Attn: Data Protection Officer
Address: 1981 61ST ST APT 2R
Brooklyn , NY 11204
United States
Email: riin_usa@hosonsoft.com
This website is operated by RIIN: Your best pod partner ever. Throughout the site, the terms “we”, “us” and “our” refer to RIIN: Your best pod partner ever. RIIN: Your best pod partner ever offers this website, including all information, tools and services available from this site to you, the user, conditioned upon your acceptance of all terms, conditions, policies and notices stated here.
By visiting our site and/ or purchasing something from us, you engage in our “Service” and agree to be bound by the following terms and conditions (“Terms of Service”, “Terms”), including those additional terms and conditions and policies referenced herein and/or available by hyperlink. These Terms of Service apply to all users of the site, including without limitation users who are browsers, vendors, customers, merchants, and/ or contributors of content.
Please read these Terms of Service carefully before accessing or using our website. By accessing or using any part of the site, you agree to be bound by these Terms of Service. If you do not agree to all the terms and conditions of this agreement, then you may not access the website or use any services. If these Terms of Service are considered an offer, acceptance is expressly limited to these Terms of Service.
Any new features or tools which are added to the current store shall also be subject to the Terms of Service. You can review the most current version of the Terms of Service at any time on this page. We reserve the right to update, change or replace any part of these Terms of Service by posting updates and/or changes to our website. It is your responsibility to check this page periodically for changes. Your continued use of or access to the website following the posting of any changes constitutes acceptance of those changes.
Our store is hosted on Ueeshop Co.Ltd. They provide us with the online e-commerce platform that allows us to sell our products and services to you.
SECTION 1 - ONLINE STORE TERMS
By agreeing to these Terms of Service, you represent that you are at least the age of majority in your state or province of residence, or that you are the age of majority in your state or province of residence and you have given us your consent to allow any of your minor dependents to use this site.
You may not use our products for any illegal or unauthorized purpose nor may you, in the use of the Service, violate any laws in your jurisdiction (including but not limited to copyright laws).
You must not transmit any worms or viruses or any code of a destructive nature.
A breach or violation of any of the Terms will result in an immediate termination of your Services.
SECTION 2 - GENERAL CONDITIONS
We reserve the right to refuse service to anyone for any reason at any time.
You understand that your content (not including credit card information), may be transferred unencrypted and involve (a) transmissions over various networks; and (b) changes to conform and adapt to technical requirements of connecting networks or devices. Credit card information is always encrypted during transfer over networks.
You agree not to reproduce, duplicate, copy, sell, resell or exploit any portion of the Service, use of the Service, or access to the Service or any contact on the website through which the service is provided, without express written permission by us.
The headings used in this agreement are included for convenience only and will not limit or otherwise affect these Terms.

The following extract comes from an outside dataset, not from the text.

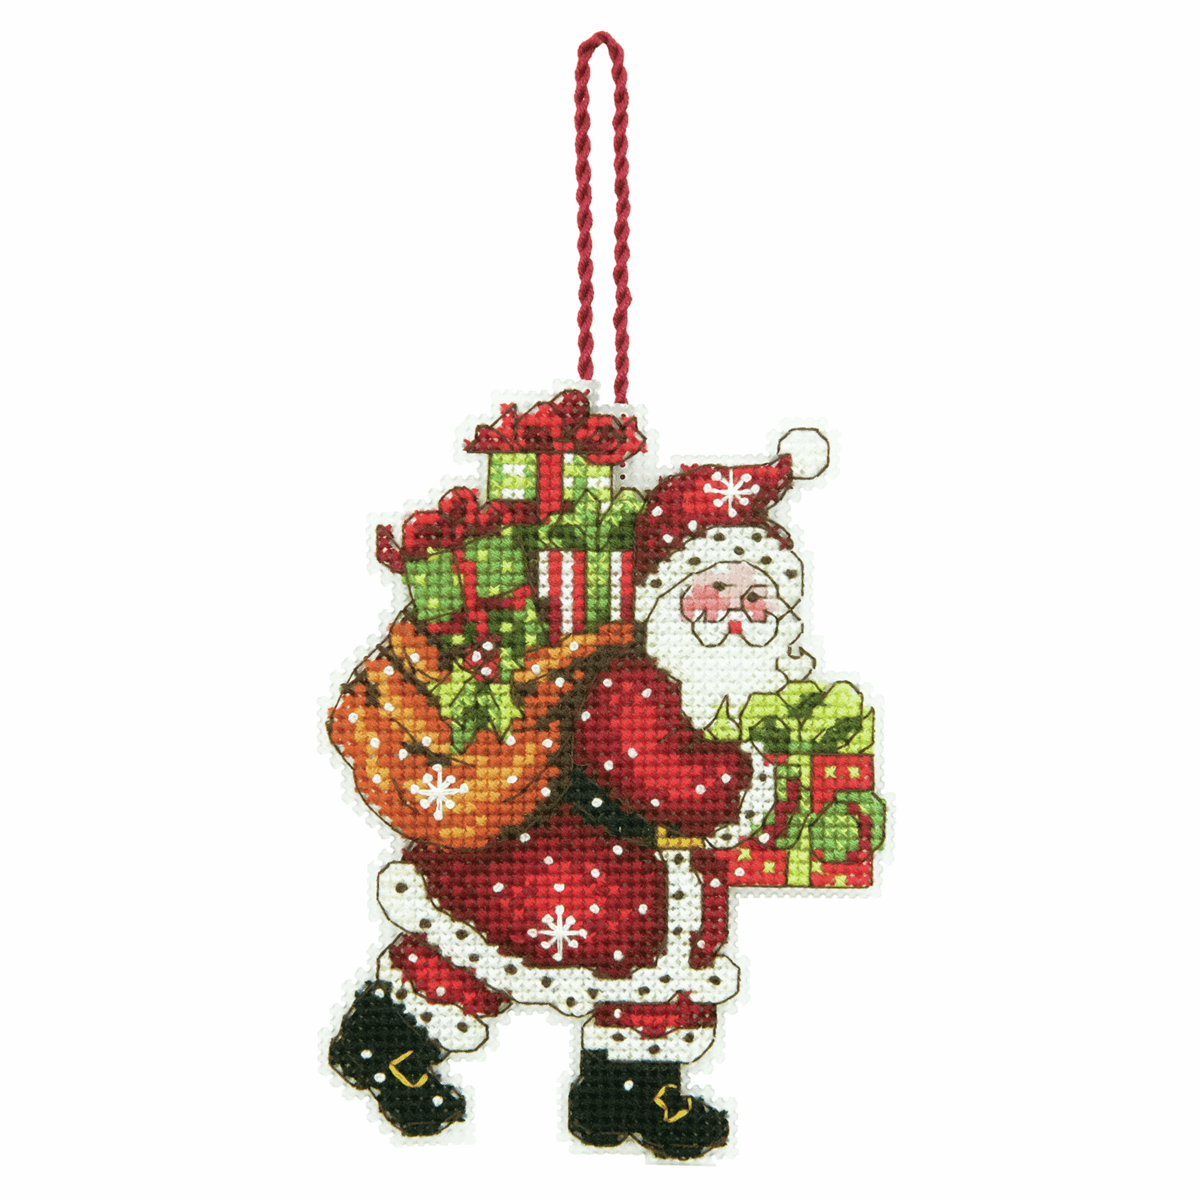 Counted Cross Stitch Ornament Kit - Santa With His Bag

SECTION 3 - ACCURACY, COMPLETENESS AND TIMELINESS OF INFORMATION
We are not responsible if information made available on this site is not accurate, complete or current. The material on this site is provided for general information only and should not be relied upon or used as the sole basis for making decisions without consulting primary, more accurate, more complete or more timely sources of information. Any reliance on the material on this site is at your own risk.
This site may contain certain historical information. Historical information, necessarily, is not current and is provided for your reference only. We reserve the right to modify the contents of this site at any time, but we have no obligation to update any information on our site. You agree that it is your responsibility to monitor changes to our site.

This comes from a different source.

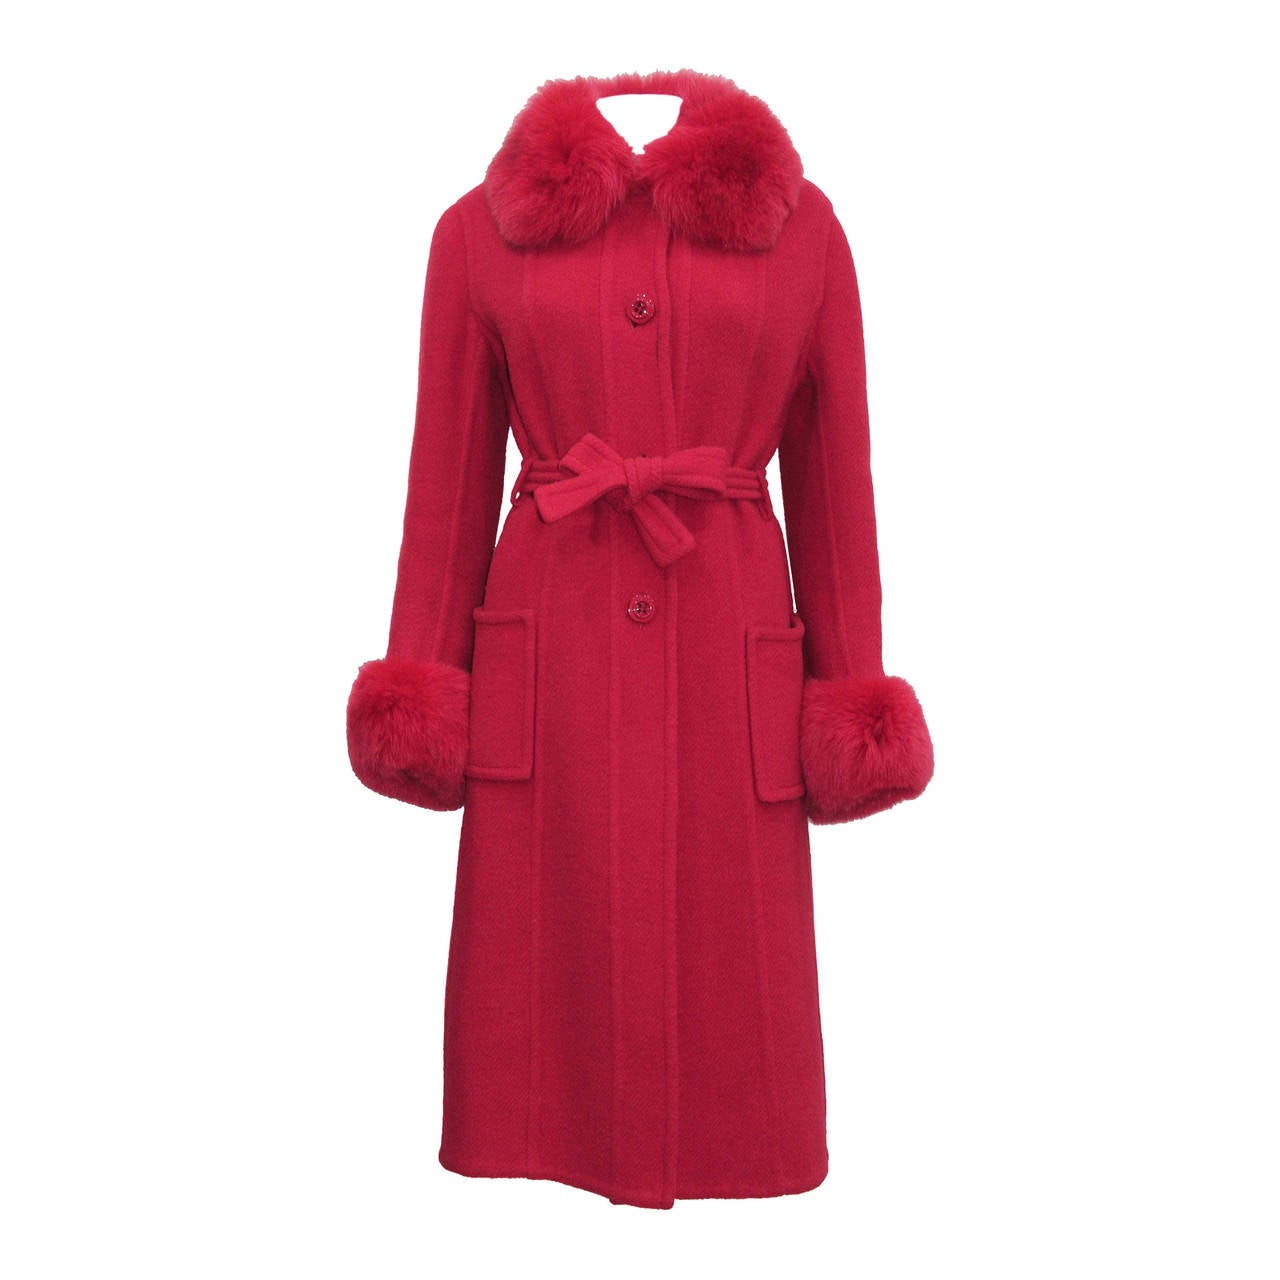 Exceptional 1960s red fox fur and tweed fall coat from THE WHITE HOUSE

SECTION 4 - MODIFICATIONS TO THE SERVICE AND PRICES
Prices for our products are subject to change without notice.
We reserve the right at any time to modify or discontinue the Service (or any part or content thereof) without notice at any time.
We shall not be liable to you or to any third-party for any modification, price change, suspension or discontinuance of the Service.

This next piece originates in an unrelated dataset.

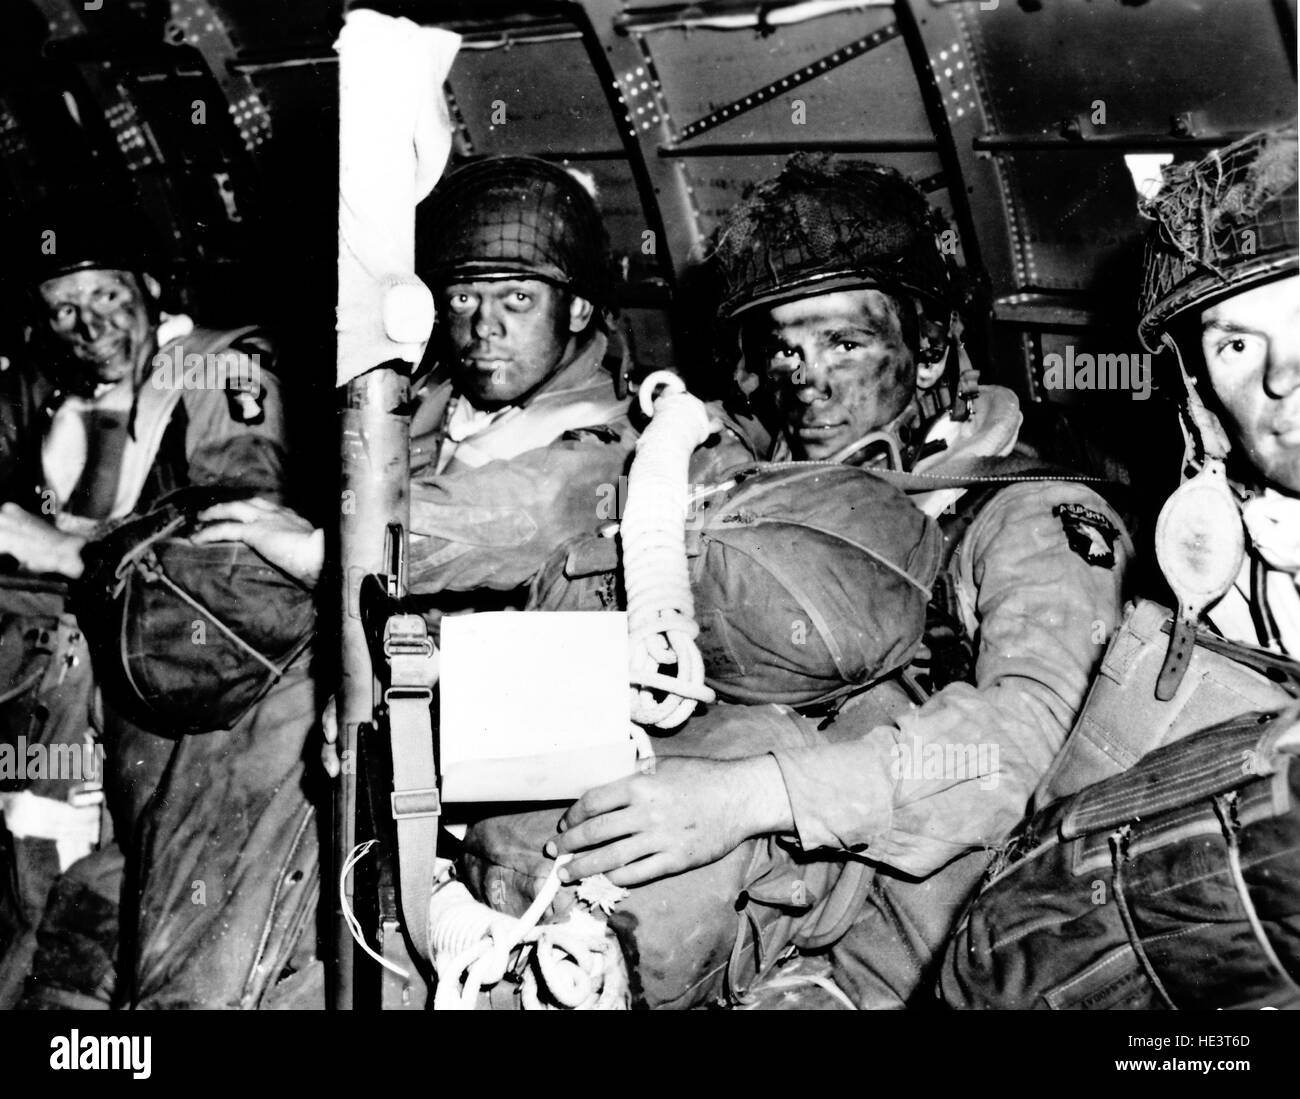 Normandy, France, June 6, 1944. Paratroopers of the 101st Division Airborne 'The screaming' eagles aboard a C-47 before launch Stock Photo

SECTION 5 - PRODUCTS OR SERVICES (if applicable)
Certain products or services may be available exclusively online through the website. These products or services may have limited quantities and are subject to return or exchange only according to our Return Policy.
We have made every effort to display as accurately as possible the colors and images of our products that appear at the store. We cannot guarantee that your computer monitor's display of any color will be accurate.
We reserve the right, but are not obligated, to limit the sales of our products or Services to any person, geographic region or jurisdiction. We may exercise this right on a case-by-case basis. We reserve the right to limit the quantities of any products or services that we offer. All descriptions of products or product pricing are subject to change at anytime without notice, at the sole discretion of us. We reserve the right to discontinue any product at any time. Any offer for any product or service made on this site is void where prohibited.
We do not warrant that the quality of any products, services, information, or other material purchased or obtained by you will meet your expectations, or that any errors in the Service will be corrected.
SECTION 6 - ACCURACY OF BILLING AND ACCOUNT INFORMATION
We reserve the right to refuse any order you place with us. We may, in our sole discretion, limit or cancel quantities purchased per person, per household or per order. These restrictions may include orders placed by or under the same customer account, the same credit card, and/or orders that use the same billing and/or shipping address. In the event that we make a change to or cancel an order, we may attempt to notify you by contacting the email and/or billing address/phone number provided at the time the order was made. We reserve the right to limit or prohibit orders that, in our sole judgment, appear to be placed by dealers, resellers or distributors.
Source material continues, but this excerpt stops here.